Exercise:
Range to output from the entries below: the line containing "Olympus Shoot & Go 35mm Compact Film Camera" through the line containing "Racing Club De". Set it down exactly, ends included, nothing else.

Exercise data:
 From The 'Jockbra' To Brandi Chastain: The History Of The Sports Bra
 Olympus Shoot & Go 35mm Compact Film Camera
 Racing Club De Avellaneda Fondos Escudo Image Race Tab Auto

* * *

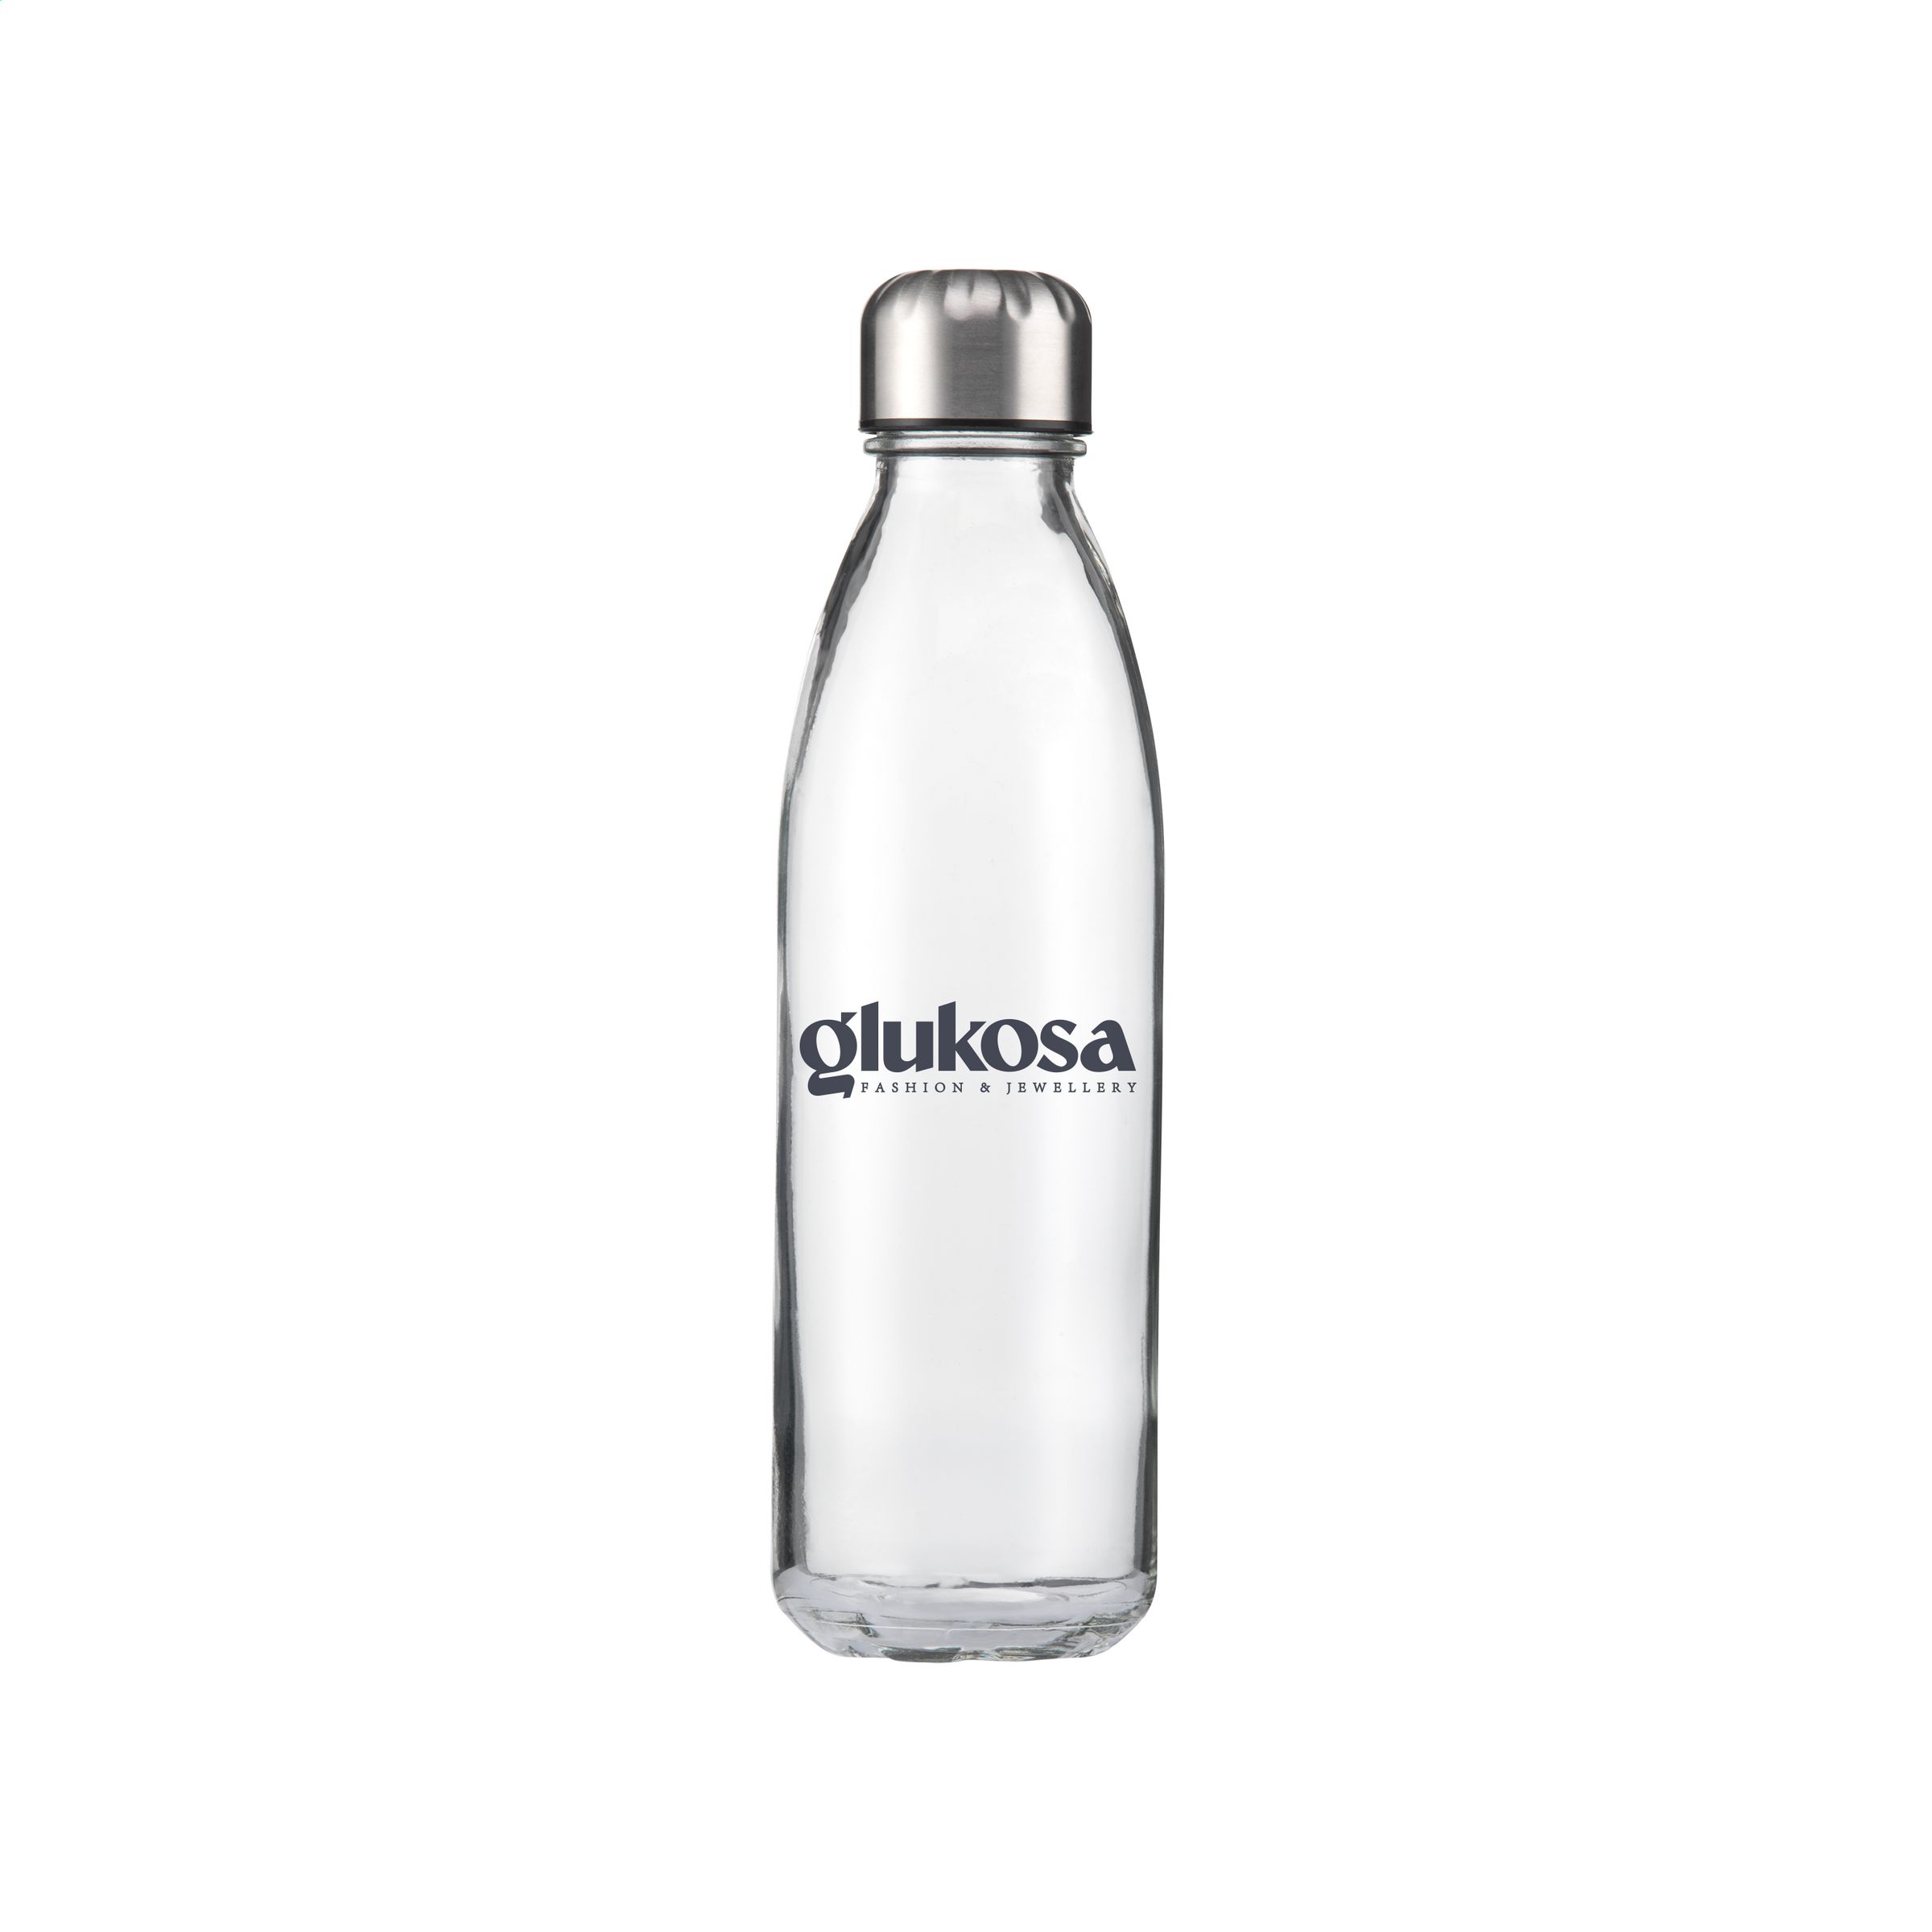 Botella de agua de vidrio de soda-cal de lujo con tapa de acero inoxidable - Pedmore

Your response:
 Olympus Shoot & Go 35mm Compact Film Camera
 Racing Club De Avellaneda Fondos Escudo Image Race Tab Auto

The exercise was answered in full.